Homeschool Essentials

Whether unschooled or highly structured, religious or secular, all homeschools encounter the same challenges. All successful homeschools exhibit the same essential qualities. This weblog will help you understand and apply those qualities, minimize frustration, and enjoy more success sooner.

Saturday, February 05, 2005

Is it Safe to Learn?

Physiological Needs and Learning

As the hierarchy concept would predict, many of children’s earliest learning concerns meeting their physiological needs. At first the child has only crying as a means to communicate every negative experience, whether hunger, cold, discomfort, pain, or fear. Learning to point to the mouth, pat their mother’s breast, speak the word “eat,” make their first peanut butter and jelly sandwich, or grow a garden all arise from, and service the need for nourishment. You can see, through the progression of tasks mentioned, that just as the need to eat does not disappear with the years, neither does it’s power to motivate ever more complex learning.

Learning to speak and communicate aids the child in meeting his own basic needs. So does learning to walk. As time goes on, ever more complex tasks may be addressed and mastered, with the root purpose of meeting needs at this fundamental level. Lack of ability, even brain damage, do not lessen the need to learn, they only make it more difficult, and more urgent. The less we can do to meet our own needs, and the more we must depend upon others, the greater the likelihood that one or more of our needs will go unnoticed and unmet. Learning, a key to survival, becomes as necessary as oxygen or food or warmth.

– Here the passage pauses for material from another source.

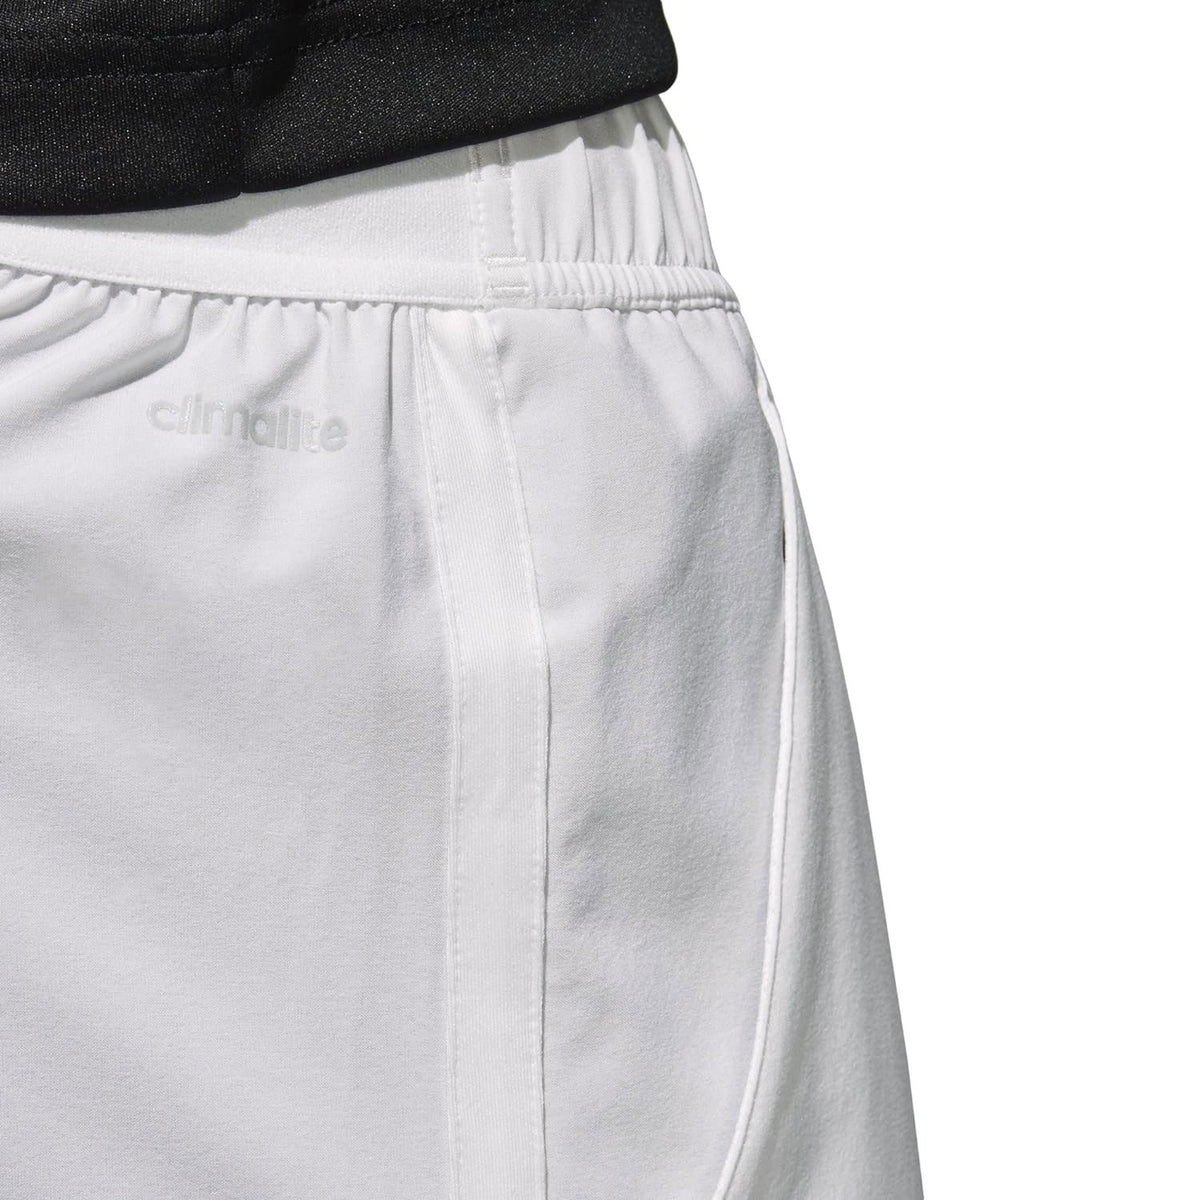 Adidas Mens Climalite Advantage Tennis Training Shorts - White - XS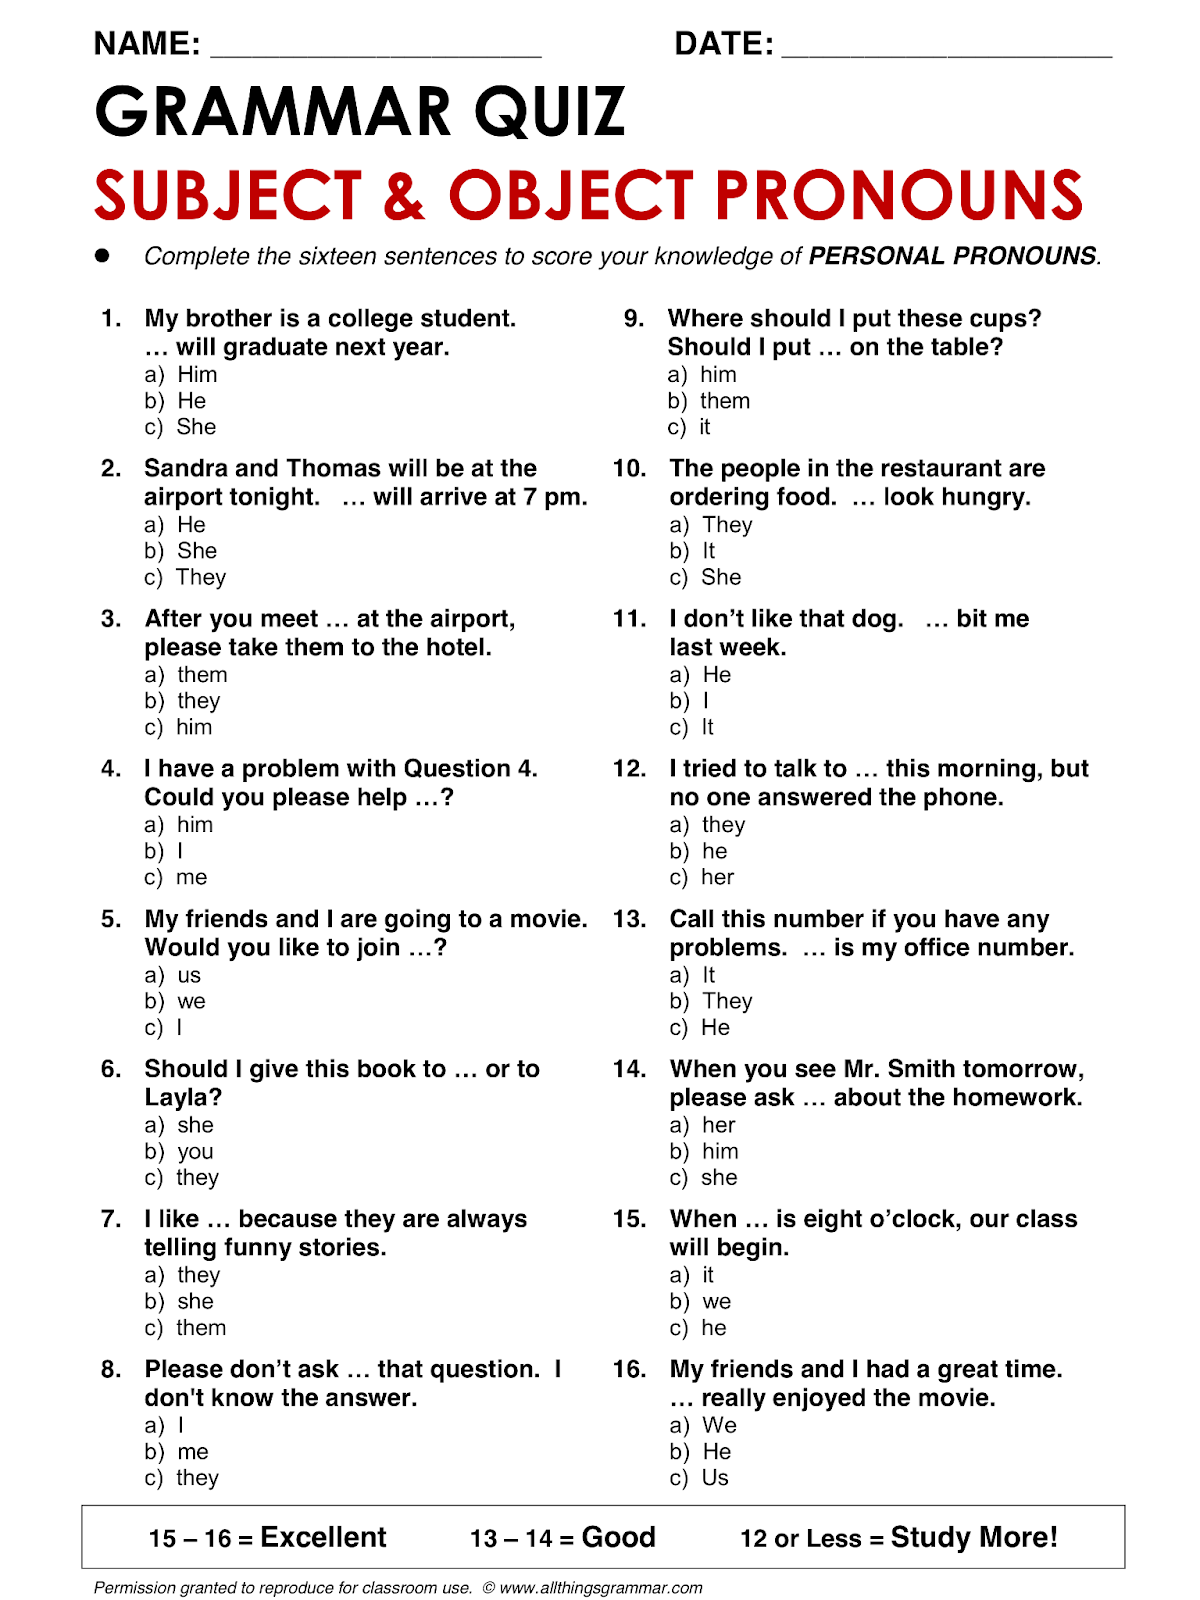 choosing-pronouns-worksheet-pronoun-worksheets-free-pronoun-worksheets-grammar-worksheets

Lack of physiological needs can block and/or limit learning. Hungry children will be open to learning anything which can bring them food in the short term. Anything else will fade from view, driven away by the need to eat. Cold children may be interested in learning to build a fire, but lack interest in building ice castles. Thirsty children may show no interest in fire-building.

At this level, we recognize the importance of needs, by providing school lunch programs and the like. Somehow, schools and parents alike lose track of the higher levels of needs, and how they affect learning.


Safety Needs and Learning

Meeting physiological needs today raises the possibility of tomorrow. As soon as we can think as far as tomorrow, we want to assure our continued existence. That raises the issue of safety. Perfectly well-fed and clothed people die in accidents and at the hands of others. Meeting physiological needs makes continued existence possible, and allows us to think about increasing the probability, the likelihood, of continued existence. That requires safety.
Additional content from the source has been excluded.